Not everything went the attackers' way. As the Japanese tanks pushed toward the road bridge over the Slim River, they met one final obstacle. A battery of anti-tank guns stood in their path. Sato, the Japanese tank commander leading the spearhead, opened fire on the first gun, flipping it over and blocking the road. But the crew of the second gun managed to depress their barrel in time. They fired at point-blank range, destroying Sato's tank and killing him. The two remaining tanks in Sato's force were forced to retreat back toward the bridge. It was a defiant last act, but it could not change the outcome. The survivors of both British brigades were scattered across the Malayan Peninsula, many trying desperately to cross the Slim River to safety. The 5/14th Punjabis, an entire battalion, could muster only 146 officers and soldiers by the following day.
The destruction of the 11th Indian Division at Slim River broke the British defensive strategy in Malaya. Lieutenant-General Arthur Percival, commanding British forces, had relied on holding prepared positions to slow the Japanese advance. After Slim River, that approach was clearly untenable -- the Japanese had proven they could punch through fixed defenses in hours. Percival ordered a rapid retreat into southern Malaya, abandoning the central part of the peninsula and with it Kuala Lumpur, which fell to the Japanese without a fight. The Australian 8th Division was given its chance to face the Japanese at Gemensah Bridge, but the momentum had shifted decisively. Slim River was not the largest battle of the Malayan campaign, but it was among the most consequential. It removed any realistic hope of holding the peninsula and set the stage for the fall of Singapore five weeks later -- what Winston Churchill would call the worst disaster in British military history.
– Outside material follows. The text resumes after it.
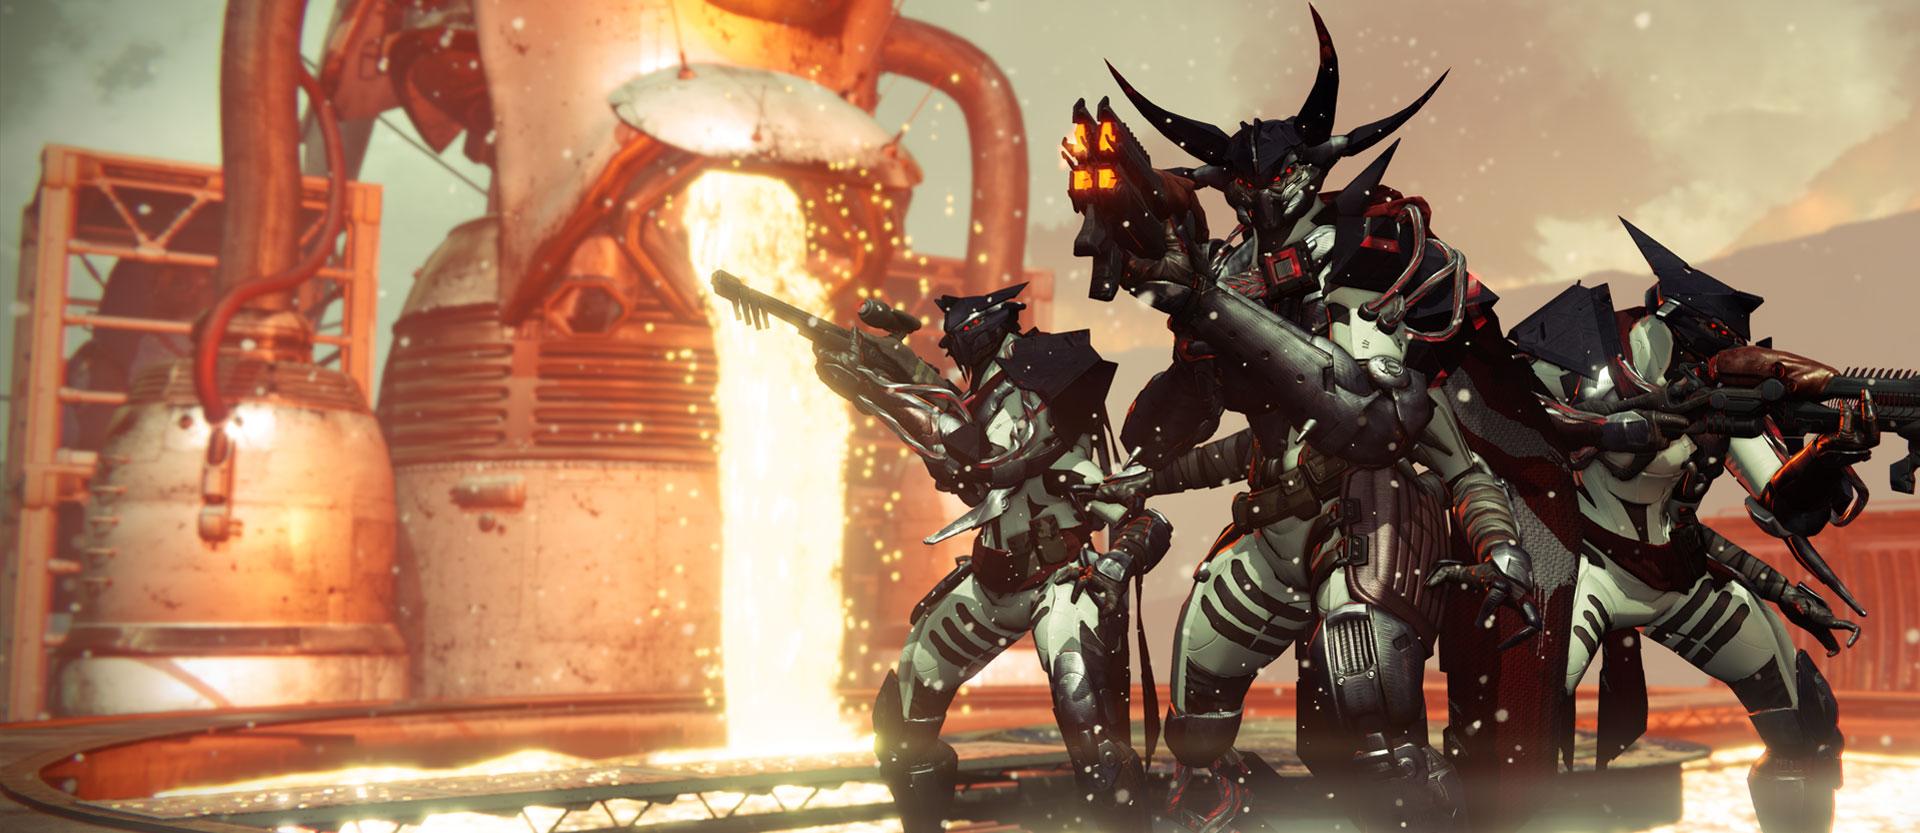 destiny_rise_of_iron-splicers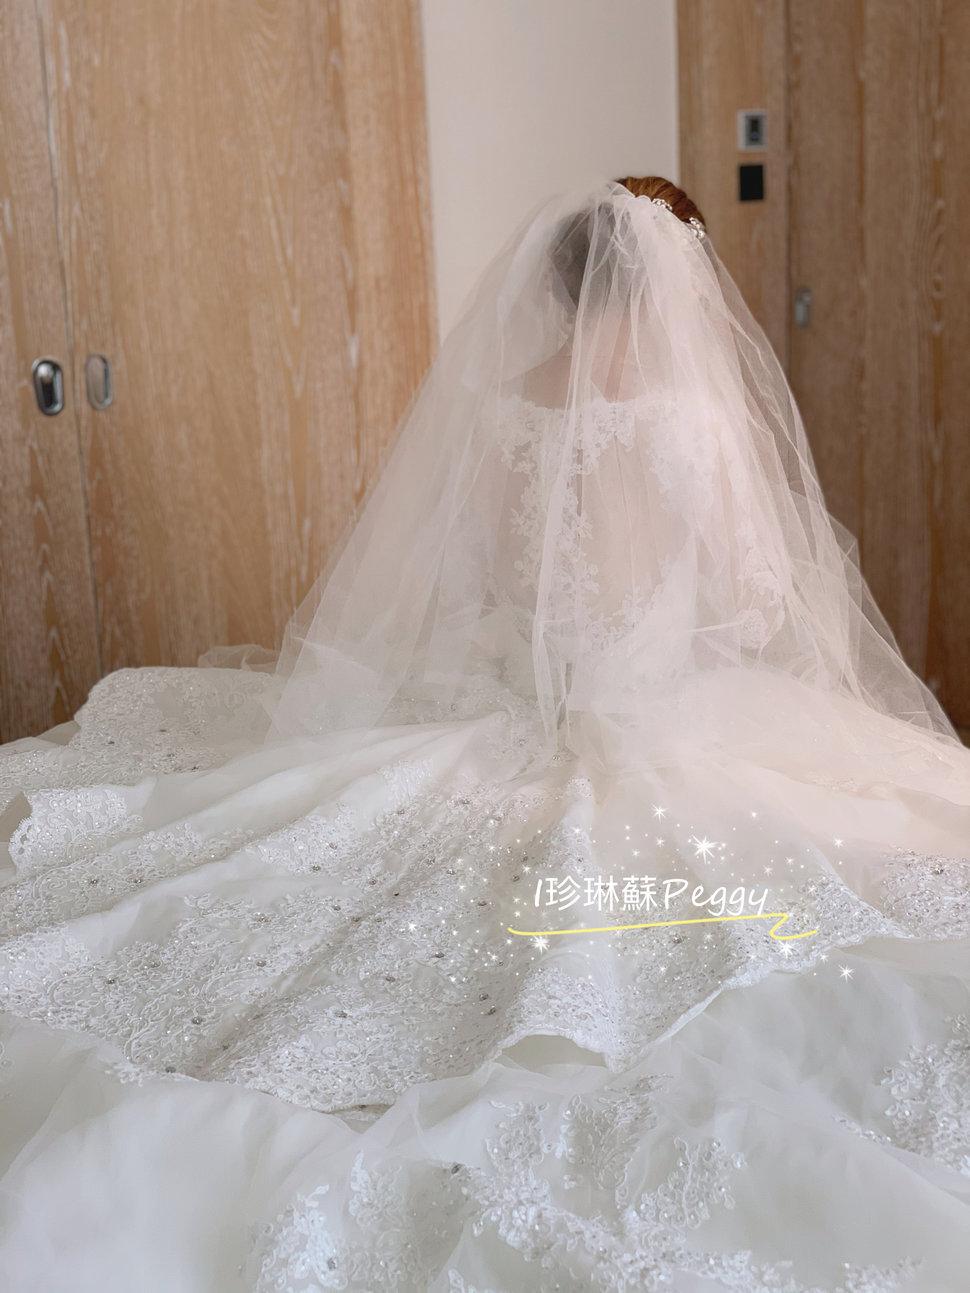 6B6238AC-312C-4556-B12B-F488A5BE7250 - 珍琳蘇peggy《結婚吧》

Today the Slim River flows through a landscape of oil palm and secondary jungle in the state of Perak. The town of Slim River, now called Tanjung Malim by some maps, sits along the trunk road that still connects Kuala Lumpur to the northern states. There is little visible evidence of the battle that scattered an entire division here in 1942. The rubber plantations where the Hyderabads and Punjabis dug their positions have mostly been replanted. The road bridge, rebuilt and modernized, carries ordinary traffic. But the names on the Singapore Memorial and in the Commonwealth War Graves records preserve what happened -- the Indian, British, and Australian soldiers who fought and died in the rain and darkness, overwhelmed by an enemy who had found the one tactic their defenses could not absorb.
Located at approximately 4.05°N, 101.30°E in the state of Perak, Malaysia. The Slim River runs through a valley flanked by the Titiwangsa Range to the east and lower hills to the west. The trunk road (now Route 1) running north-south through the valley was the axis of the 1942 battle. Sultan Azlan Shah Airport (WMBA) at Ipoh is roughly 100 km to the north. Kuala Lumpur International (WMKK) is about 120 km south. At 2,000-4,000 feet, the river valley and road corridor that defined the battle are clearly visible cutting through palm plantations.